The full scope of the breach remains unconfirmed. Novo Nordisk has not publicly verified the authenticity of all leaked files, and the long-term regulatory and commercial fallout will depend in part on what the exposed data ultimately contains and how widely it circulates.
一個自稱為FulcrumSec的網絡犯罪團伙,在丹麥製藥巨頭諾和諾德據報拒絕支付勒索款項後,已開始公開其竊取的文件。諾和諾德是糖尿病治療藥物Ozempic(奧澤匹克)及減肥藥物Wegovy的生產商。據Security Affairs報道,洩露的材料包括臨床試驗記錄及人工智能研究資產。

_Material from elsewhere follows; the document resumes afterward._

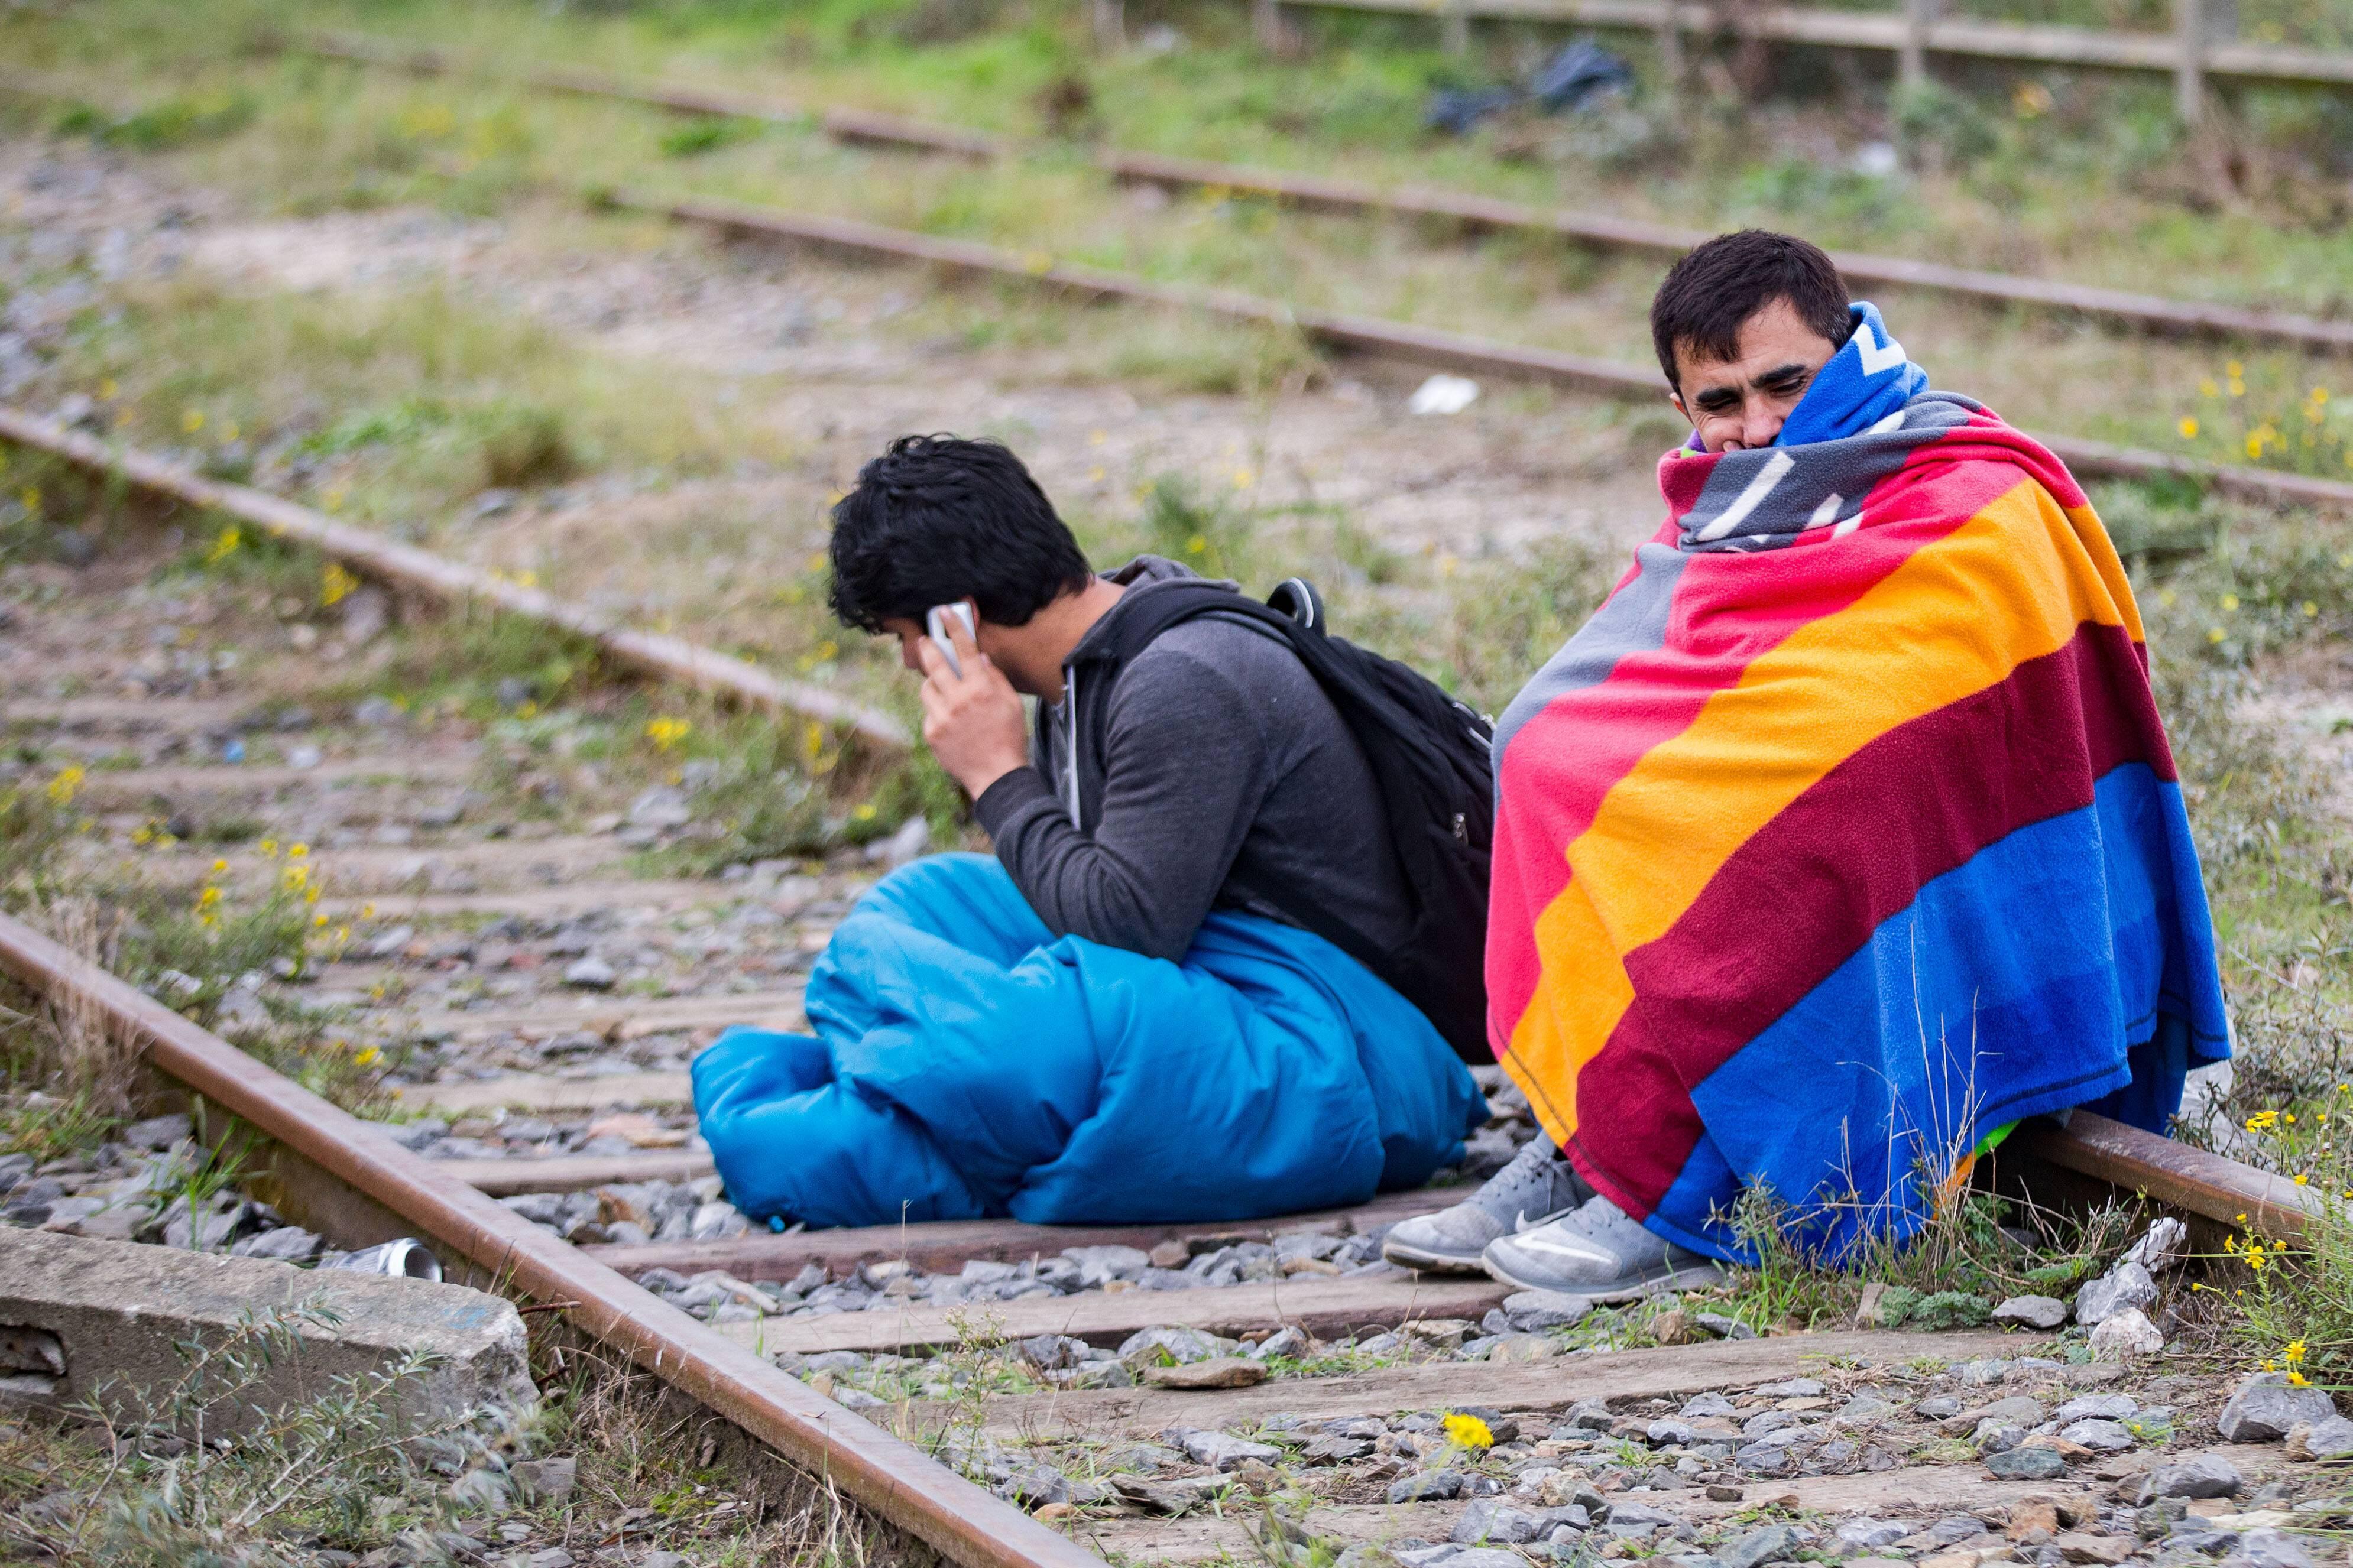 Bild zu Calais, Flüchtlinge, Eurotunnel

FulcrumSec聲稱從諾和諾德的系統中竊取了約1.3 TB的數據。據該團伙自己的聲明,其並未加密公司的基礎設施——而是採取數據勒索模式,若不付款便公開發布竊取的文件。據報諾和諾德拒絕談判後,攻擊者兌現了他們的威脅。
純數據勒索模式日益普及
此事件體現了網絡犯罪手法的重大轉變。像FulcrumSec這樣的團伙,其重點完全放在竊取有價值的數據上,而非部署勒索軟件鎖定受害者系統——後者技術複雜度更高且被偵測的風險更大。其施壓點不在於挾持系統,而在於威脅公開洩露數據。
這種方法執行起來更簡單,且對受害者——特別是在資訊洩露會帶來監管、聲譽及競爭後果的行業——可能造成更嚴重的損害。對諾和諾德這樣的製藥公司而言,臨床試驗數據和研究知識產權是其守護最為嚴密的資產。這些數據的戰略價值,往往遠超系統被加密所造成的營運中斷。
製藥業成為眾矢之的
醫療保健和製藥行業已成為數據勒索行動的主要目標。臨床記錄包含可識別個人身份的健康資訊,受到歐盟、美國及其他司法管轄區嚴格法規框架的約束。另一方面,研究數據可能代表數以十億計的開發投資。
據報道,被竊材料中包含人工智能研究資產——這一細節凸顯了整個行業日益增長的擔憂。隨著製藥公司大量投資於機器學習和人工智能驅動的藥物發現,驅動這些計劃的數據集成為極具價值的高目標。那些旨在加速創新的數碼化轉型努力,無意中可能擴大了威脅行為者可利用的攻擊面。
具體到諾和諾德,該公司高知名度的產品組合使其成為一個有吸引力的目標。未公開的臨床研究結果或專有研究方法若遭洩露,其帶來的競爭影響可能遠超事件本身的直接衝擊。
對更廣泛科技界的啟示
FulcrumSec事件為各行各業的IT專業人士帶來了幾點啟示。首先,沒有勒索軟件加密並不意味著攻擊的嚴重性降低——純數據勒索帶來的後果可能同等甚至更具破壞性。其次,隨著公司為人工智能和研究目的整合大量敏感數據,保護這些資料庫必須被視為首要任務。
組織應評估其數據治理框架是否充分考慮了大規模數據竊取的風險。關鍵防禦措施包括:嚴格的數據分段以隔離敏感研究數據集、精細化的存取控制,以及對異常數據移動模式的持續監控。事件響應計劃也應更新,以應對數據在系統未受營運干擾情況下遭洩露的情況。
此次洩露事件的完整範圍仍未獲確認。諾和諾德尚未公開驗證所有洩露文件的真實性,其長期的監管和商業影響,部分將取決於最終暴露數據的內容及其傳播的廣泛程度。